Дневники матери хранились в шкафу у нее в спальне – кипа блокнотов, точно таких же, какими пользовалась в качестве черновиков сама Имельда. Записи карандашом на грубой линованной бумаге от времени стерлись, и разобрать их было почти невозможно: «Если бы не отец Килгаррифф, я никогда бы не узнала про битву при Йеллоу-Форде. Теперь, правда, он об этом жалеет. Распорядившись продолжать войну в Ирландии до тех пор, пока это будет выгодно Англии, жестокая дальновидная Елизавета превратила поражение сэра Генри Бейджнела в победу. Об этом же в красной гостиной, за столом, заваленным учебниками, рассказывал в свое время отец Килгаррифф и тебе. «Очередная ирландская небылица» – наверное, казалось тебе тогда, а возможно, если ты вообще помнишь, о чем идет речь, кажется и теперь. Я же все, что происходит вокруг меня, в том числе и твое изгнание, воспринимаю как вечный бой. Но и будь ты со мной, разве могли бы мы сделать вид, что ничего не произошло? Даже если бы мы отстроили Килни, на наших детях все равно лежала бы тень смерти и разрушения, правда? Эта битва не прекратится никогда».

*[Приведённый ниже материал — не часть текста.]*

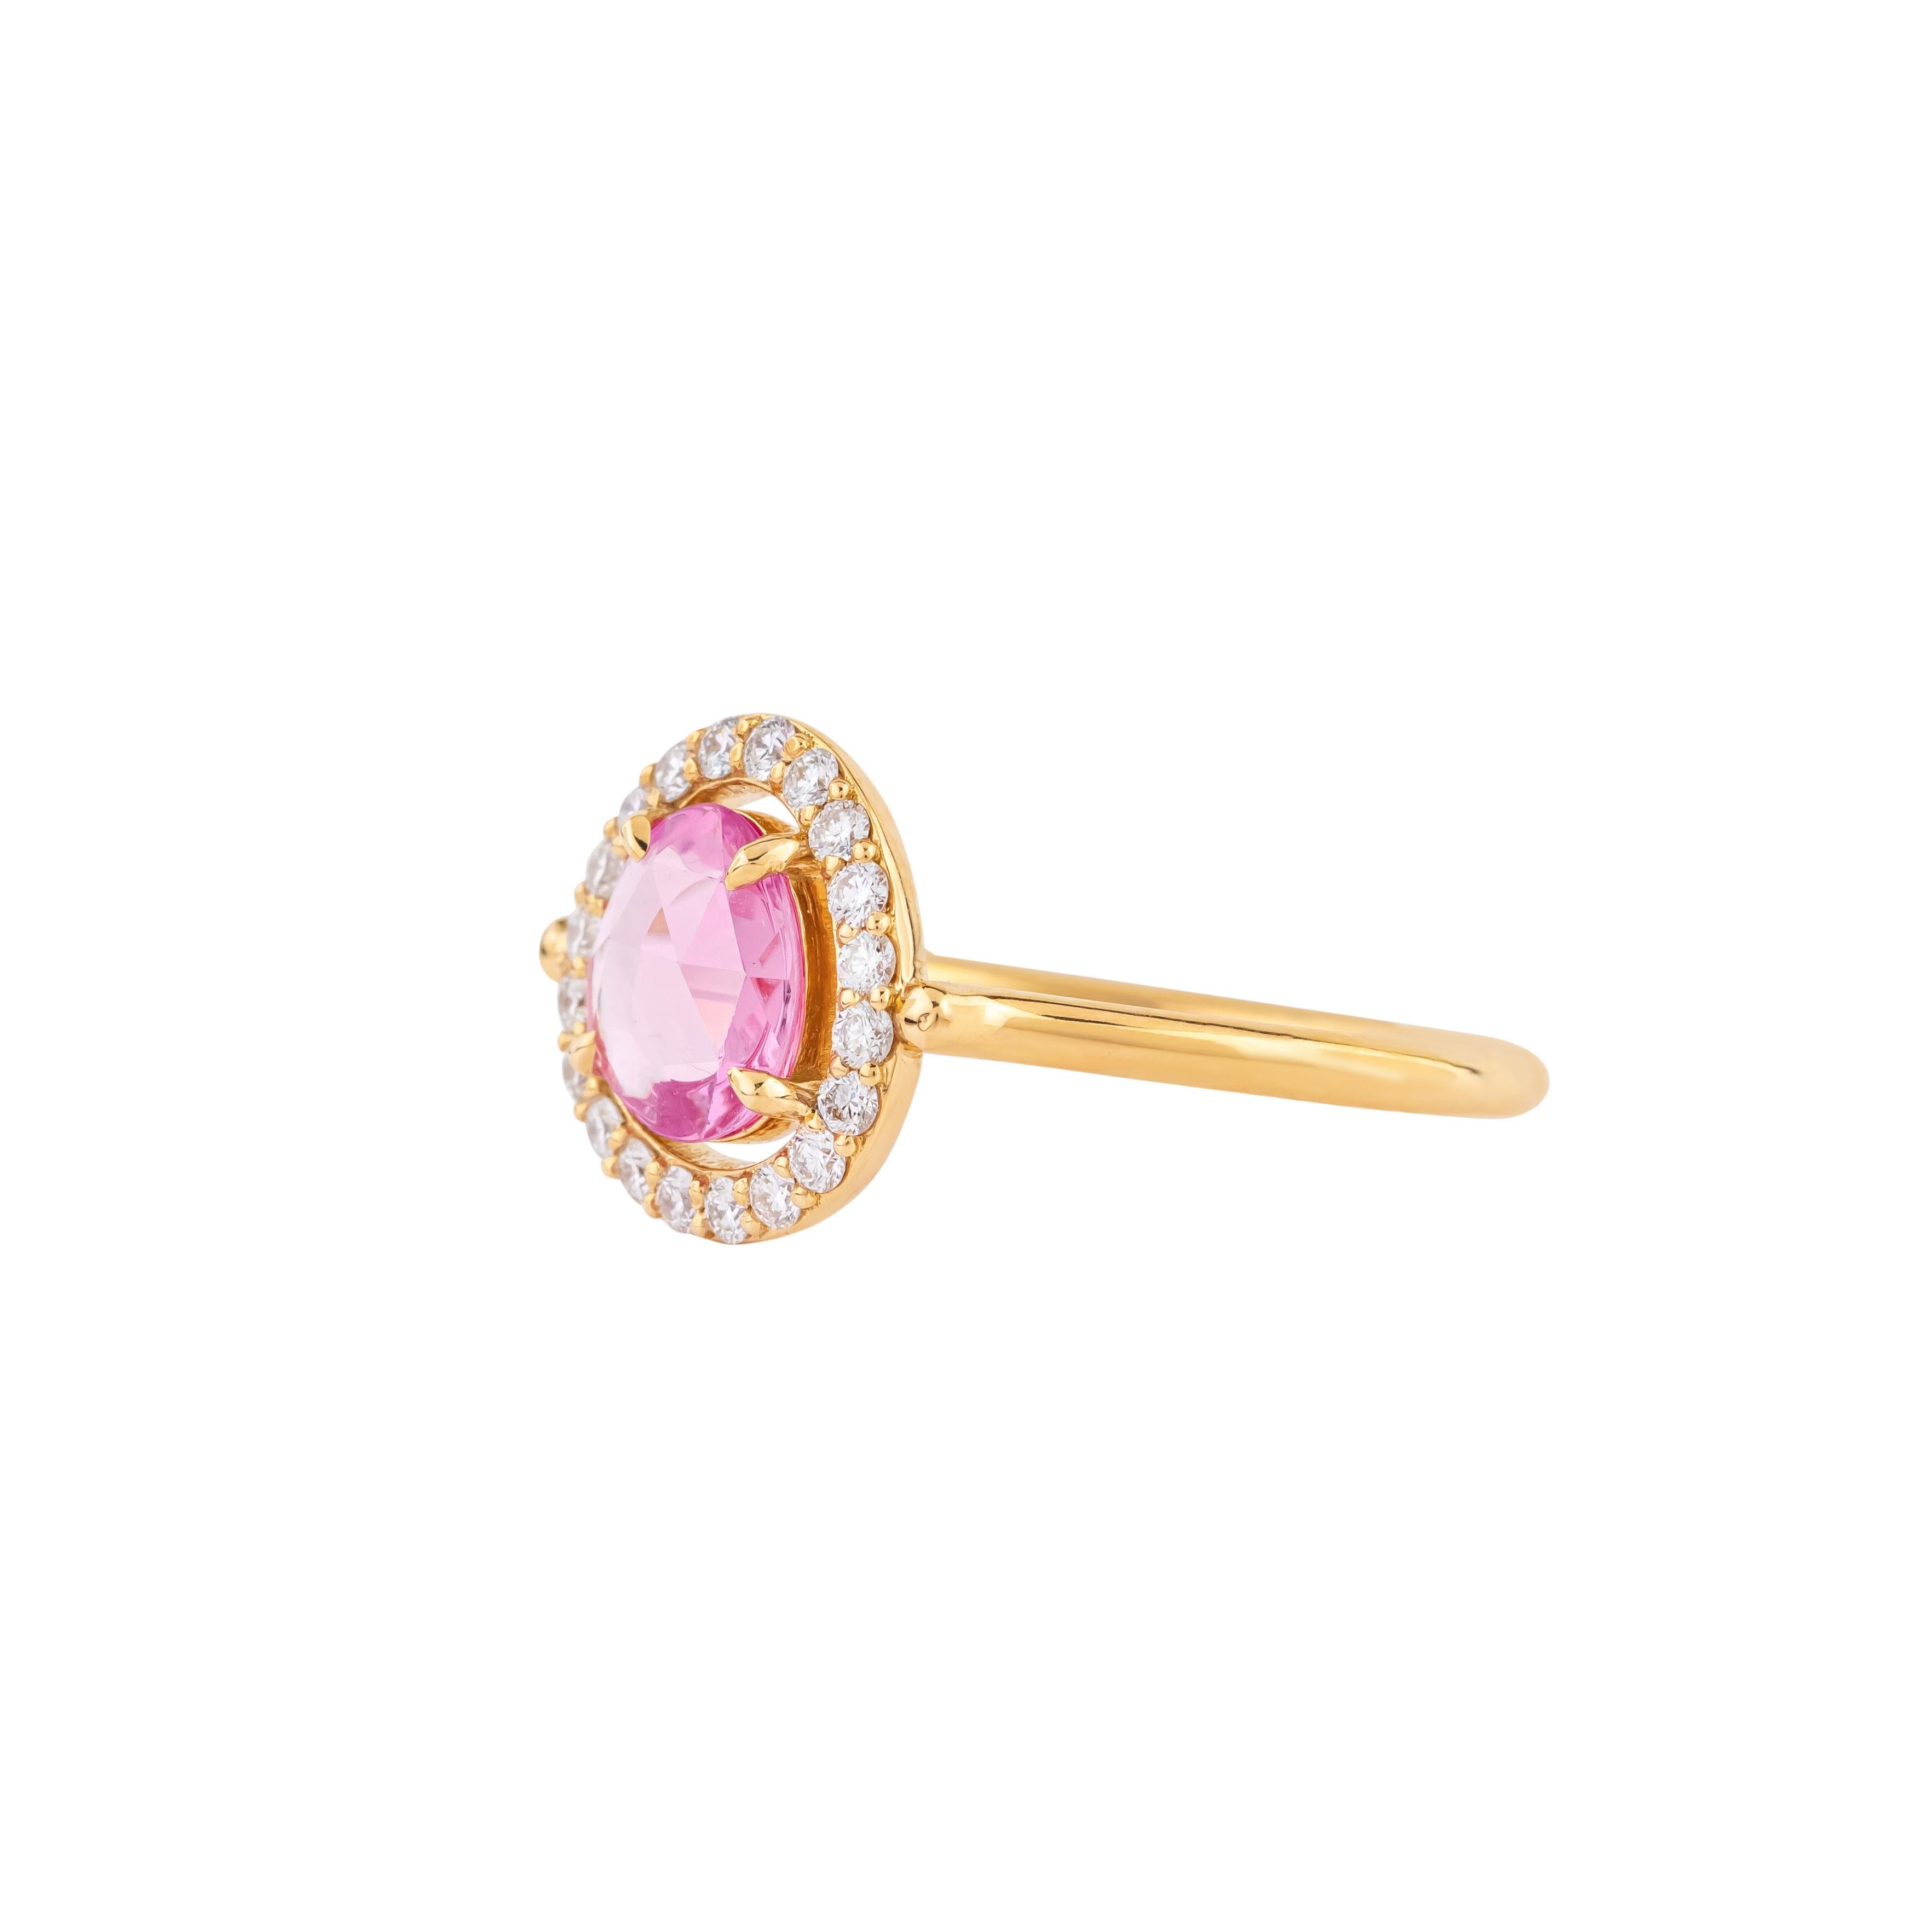 Modern 18 Karat Gold 0.95 Carat Diamond and Pink Sapphire Solitaire Ring For Sale

Имельда аккуратно положила блокнот на место. Почему-то сейчас ей вспомнилась строка из ее любимого стихотворения, и, повторяя ее, она побежала через поле к реке. «Слышу, как шепчется берег с тихой озерной волною…» Она уже помнила наизусть все стихотворение. Мисс Гарви сказала, что стихи Имельда читает лучше всех, а когда Тереза Ши захихикала, учительница выгнала ее из класса. «…Этот шепот со мною»[59]59
У. Б. Йейтс. «Остров Иннисфри». Перевод А. Сергеева.

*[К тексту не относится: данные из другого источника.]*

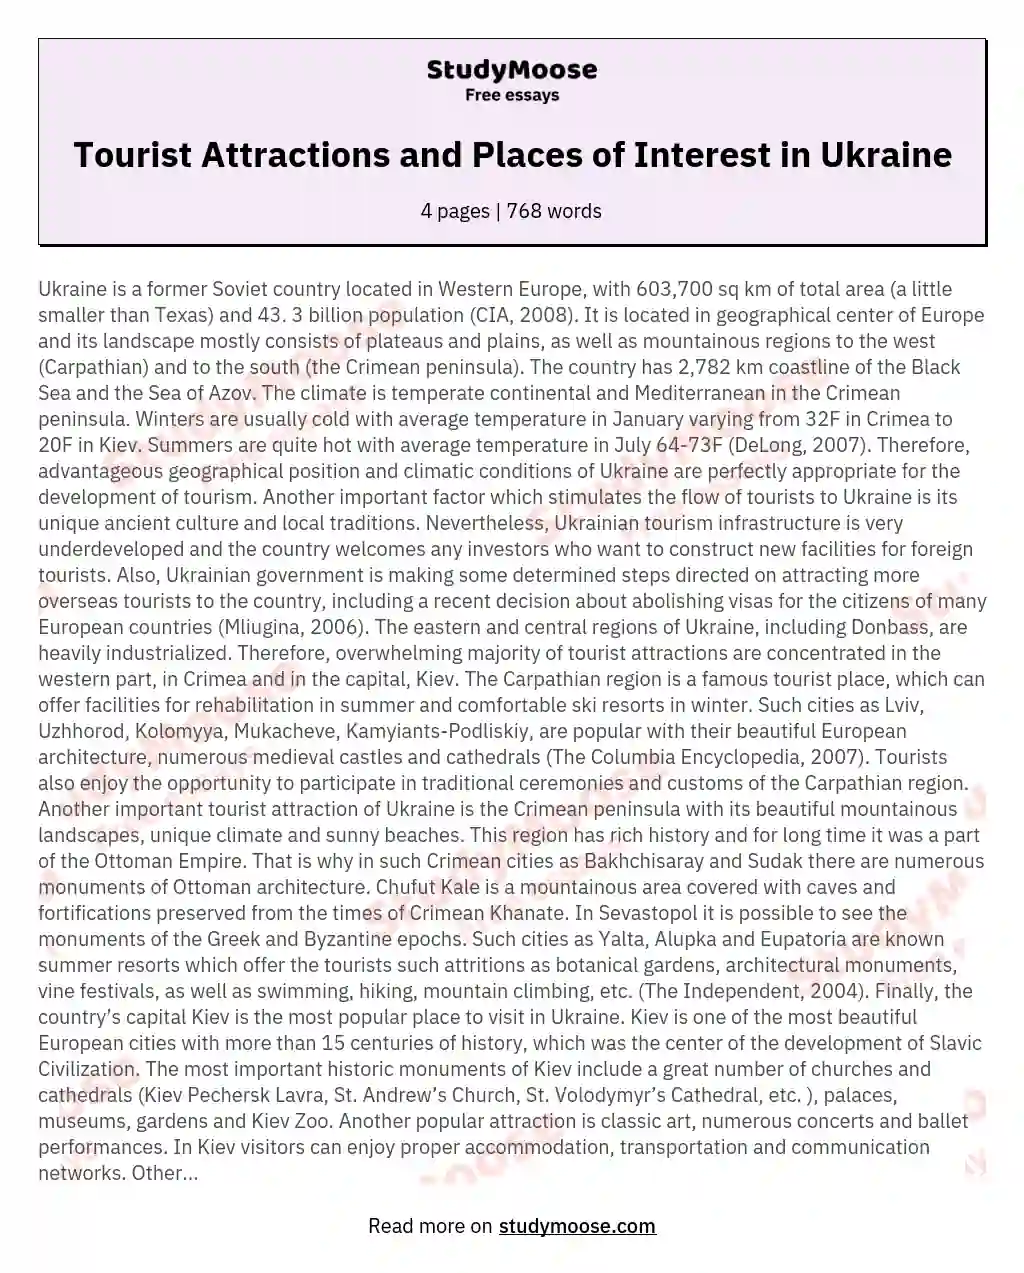 Tourist Attractions and Places of Interest in Ukraine essay

[Закрыть], – произнесла вслух Имельда, опустившись среди маргариток на землю, у самой воды. Интересно, что испытала святая Имельда, когда к ней во время молитвы спустился с небес ангел? Как-то она спросила об этом сестру Роуан, но та ответила, что простому смертному знать этого не дано. Но Имельде все равно было любопытно.
Перепрыгивая с камня на камень, она перебралась на другой берег, некоторое время шла вдоль реки, а потом вернулась на мощенный булыжником дворик, зажатый между руинами с одной стороны и садовым крылом – с другой. По направлению к разрушенному особняку шли, переваливаясь, два гуся, и Имельда последовала за ними. Предупредив их, что среди камней и сорняков поживиться будет нечем, и загнав их обратно, во двор, она побежала на кухню.
Мать сердилась:
– Это ужасно, Имельда. Подслушивать стыдно. Как ты могла?

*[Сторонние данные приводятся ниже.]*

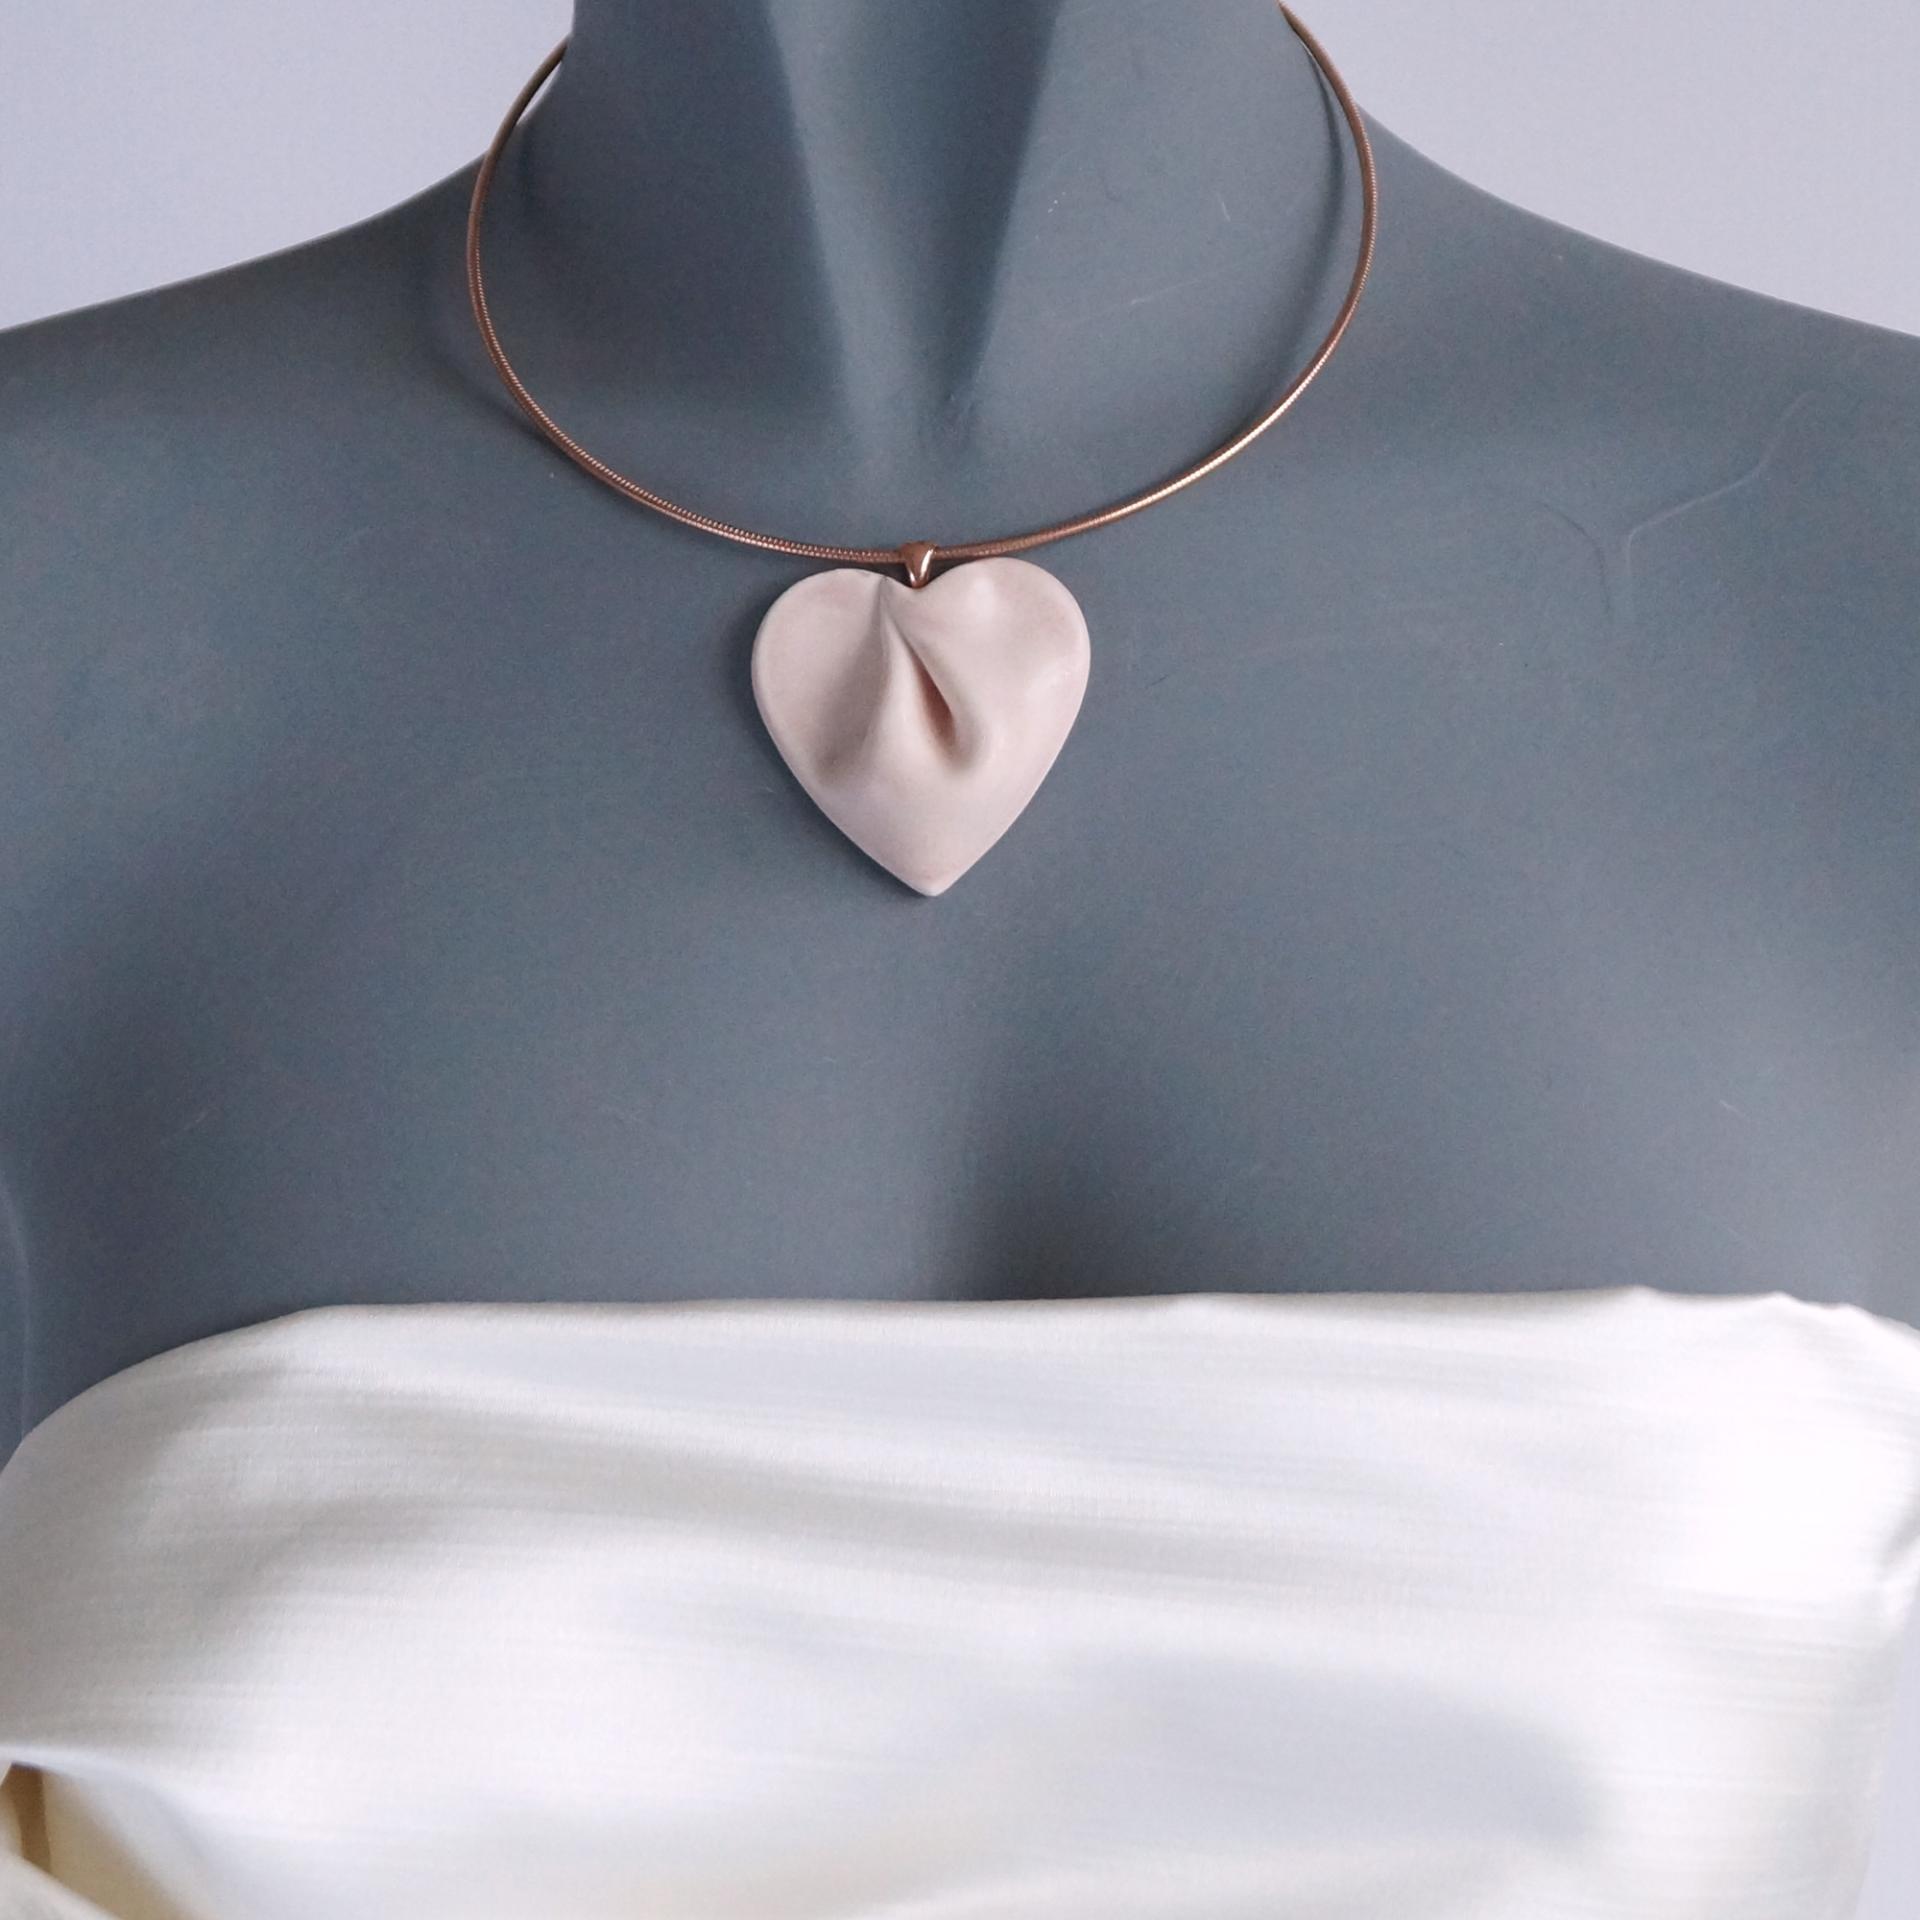 DRAPED heart necklace, large pink porcelain, choose rose gold chain

– Я подслушиваю от нечего делать.
– Если тебе нечего делать, погуляй с собаками. Ты же часто ходишь гулять.
– Я хожу на мельницу. Или к реке.
– Вот и прекрасно.
– Иногда мне это надоедает.
– Обещай мне, Имельда, что ты никогда, слышишь, никогда не станешь больше подслушивать.
Имельда обещала – обещать ведь легко. Разговор происходил в столовой, за закрытой дверью, потому что на кухне была Филомена, а в гостиной – тетя Пэнси и тетя Фицюстас.
– Тебе хорошо в школе? Скажи мне, Имельда. С Терезы Ши спрос невелик, но ведь все остальные с тобой ласковы, правда? Ты же монахиням нравишься?
Имельда не ответила. Она не сводила глаз с сидевшей на искусственных фруктах мухи. Как она, бедная, будет разочарована, обнаружив, что в этих фруктах нет сока. Да, подтвердила она, в школе с ней ласковы.
– И в Килни тоже. Тетя Пэнси души в тебе не чает. И тетя Фицюстас, и Филомена, и отец Килгаррифф. И мистер Дерензи, когда он приходит.
Муха взлетела над вазой с фруктами и, покружившись над стоявшей на комоде лампой, опустилась на пробку графина, где уже сидела другая муха. На цветном стекле пробки белела глубокая уродливая трещина.
– Да, – сказала Имельда.
– Скажи, ты бы уехала из Килни, Имельда?
Обе мухи потеряли к графину интерес. Одна исчезла под потолком, а другая поползла по дверце комода. Имельде вдруг показалось, что зеленая гондола едва заметно вздрогнула, словно вот-вот отплывет. Однако на другой картине люди, стоявшие у входа в церковь, оставались неподвижными. Стараясь не смотреть матери в глаза, Имельда спросила:
– Он действительно вернется?
– Да, когда-нибудь вернется.
– Иногда мне кажется, что всего этого не было. Что тут какая-то ошибка.
– Ошибка?
– Может, и Кухулин не гнал в стан врагов колесницу с мертвецами? Может, не было ни мучеников из Митчелстауна, ни священника из Йола?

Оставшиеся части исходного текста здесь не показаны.